I settled beside her on the sofa, close enough that our thighs touched, and picked up a strawberry. "Eat. You've lost weight." When she didn't move, I brought the fruit to her lips. "Open."
She obeyed mechanically, and I fed her piece by piece, watching her throat work with each swallow. The intimacy should have satisfied something in me, but instead it felt like going through motions.
"Why did you run?" I asked quietly, thumb tracing the beauty mark at the corner of her eye. "Was I really so terrible?"
Her breath hitched. "I... I was scared."
The words came out broken and small. This was the voice from the surgery, frightened and vulnerable. But the real Lirael had been scared and defiant, had trembled and fought back.
This woman just cried.
"Come," I said abruptly, rising. "Let's get you cleaned up. We both need showers, and we might as well save time."

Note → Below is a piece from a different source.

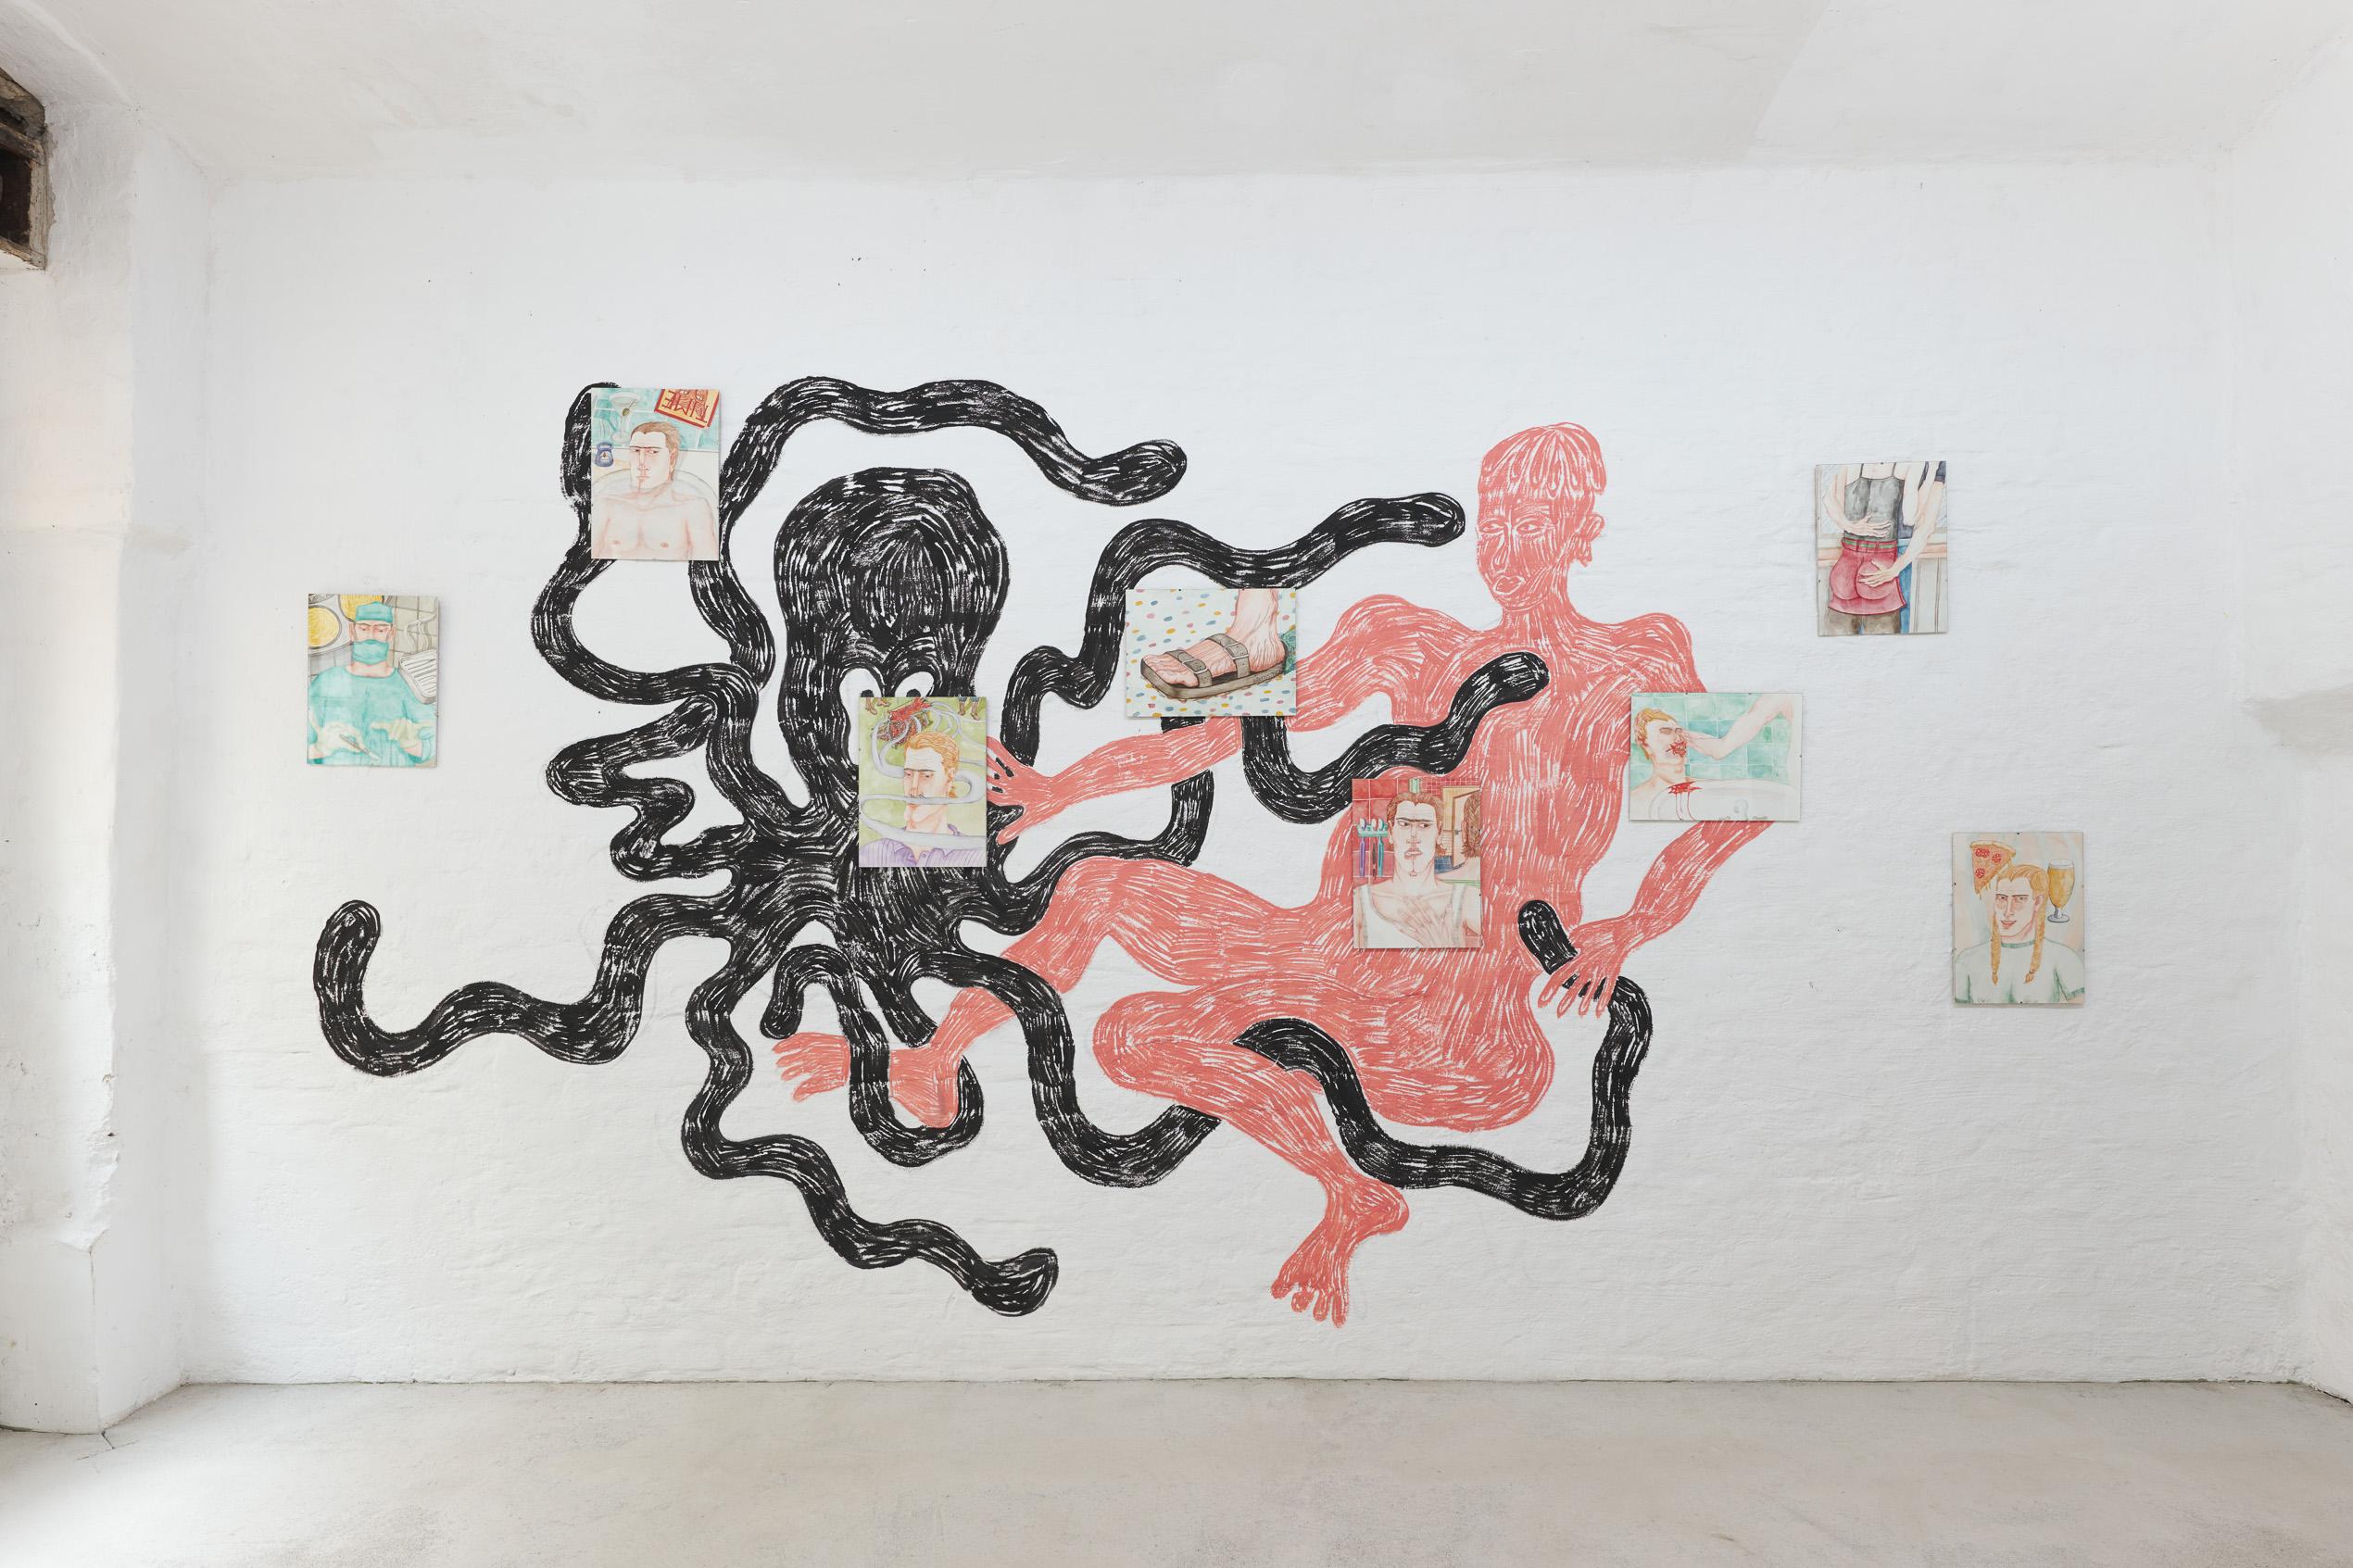 Exhibition view (Rade Petrasević, Axel Johnsson)

I watched her face carefully, looking for that flash of calculation. Instead, she just took my hand with visible reluctance and let me lead her through the connecting door to my bedroom, then into the master bathroom beyond.
The space was all black marble and brushed steel. I turned on the taps in the oversized shower, adjusting the temperature while she stood frozen in the doorway.
"Strip," I commanded. This was the moment. The real Lirael would fight me here, would make me work for every inch of exposed skin.
This woman simply pulled off her dress with mechanical efficiency. No hesitation. No modesty. Just obedience.
Something cold settled in my chest, but I pushed forward. Maybe she was just that traumatized.